Parmi les bêtabloquants, seuls le carvédilol, le bisoprolol, le succinate de métoprolol et, depuis peu, le nébivolol, ont fait la preuve, au cours de grands essais cliniques versus placebo, de leur efficacité en termes de réduction significative de la morbi-mortalité, et ont obtenu une indication chez des patients atteints d’insuffisance cardiaque chronique.
La Société française de cardiologie, en collaboration avec la Société française de gériatrie et de gérontologie, a également souligné dans ses recommandations que l’utilisation des bêtabloquants, dans l’insuffisance cardiaque chronique du sujet âgé avec FEVG préservée, permettait d’augmenter la durée du remplissage ventriculaire gauche, mais qu’aucune étude de morbi-mortalité n’avait confirmé leur intérêt clinique dans ce contexte.
Une seule règle : la prudence
Le traitement conventionnel de l’insuffisance cardiaque chronique symptomatique à posologie optimale (IEC, diurétique et, le plus souvent, digitalique) est indispensable avant d’initier le traitement par bêtabloquant. Celui-ci ne devra pas être significativement modifié au cours des 2 dernières semaines.
Le traitement par bêtabloquant doit être débuté à distance d’une poussée aiguë. Néanmoins, en raison des effets favorables rapides, en particulier sur la mort subite, il semble important de débuter cette classe thérapeutique dès l’obtention d’une stabilisation hémodynamique après une décompensation.
La posologie doit être adaptée à chaque patient. Le traitement doit être débuté à la posologie la plus faible et augmenté de façon progressive.
Pendant la phase de titration, il est nécessaire de rechercher les signes de mauvaise tolérance hémodynamique, ainsi que l’existence d’un bronchospasme (qui peut survenir dès la première dose).
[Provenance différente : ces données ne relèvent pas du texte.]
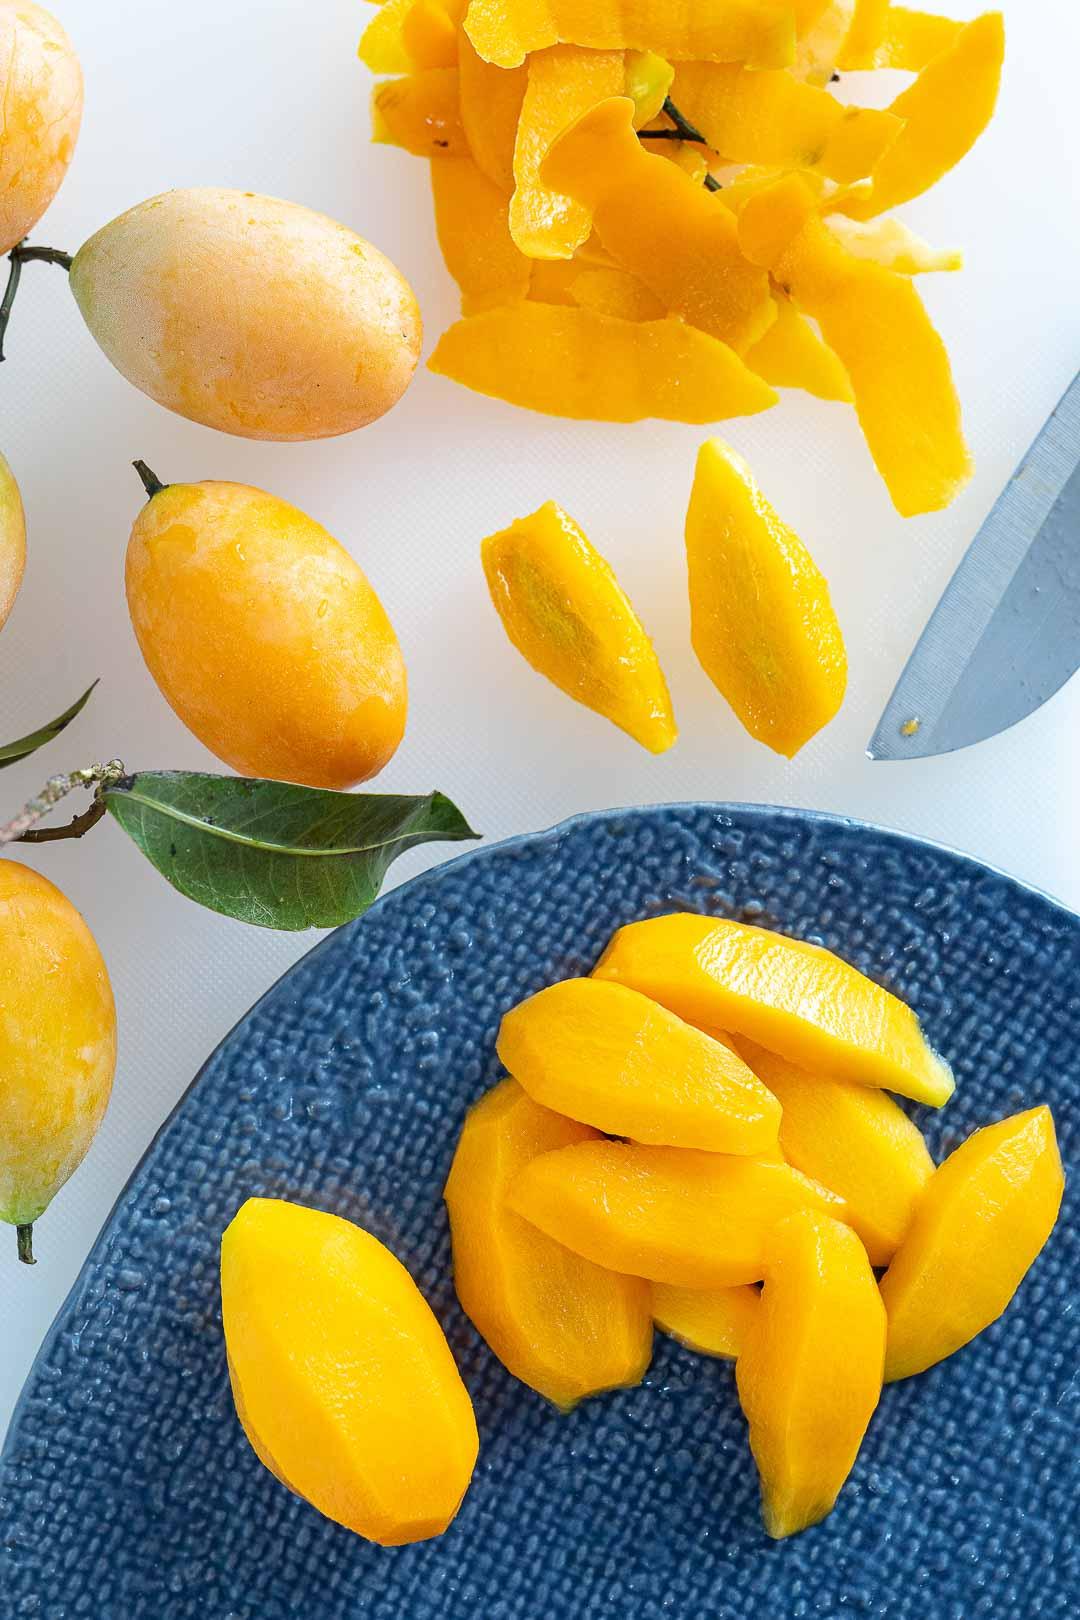 fresh plum mangos ready to eat - มะยงชิด

On recherchera : une dyspnée, une orthopnée, des vertiges, des lipothymies, une asthénie, une bradycardie symptomatique.
Dans certains cas, une adaptation posologique pourra suffire à corriger l’effet indésirable mais parfois l’arrêt du traitement bêtabloquant sera nécessaire, dans le cadre d’une analyse pertinente du rapport bénéfice/risque au cas par cas.
Les enseignements de SENIORS : le nébivolol, bêtabloquant de l’insuffisant cardiaque âgé
Les résultats de l’étude SENIORS (Study of the Effects of Nebivolol Intervention on Outcomes and Rehospitalisation in Seniors with heart Failure), présentés lors du dernier Congrès de l’ESC, évaluant les effets de Temerit® chez une population d’insuffisants cardiaques âgés > 70 ans, apparaissent particulièrement riches d’enseignements pratiques.
L’étude SENIORS
Les patients inclus dans cette étude étaient âgés au minimum de 70 ans et avaient une insuffisance cardiaque chronique, diagnostiquée cliniquement, avec une FEVG ≤ 35 % (déterminée dans les 6 mois précédents) et/ou une hospitalisation, avec un diagnostic d’insuffisance cardiaque congestive au cours des 12 mois précédents.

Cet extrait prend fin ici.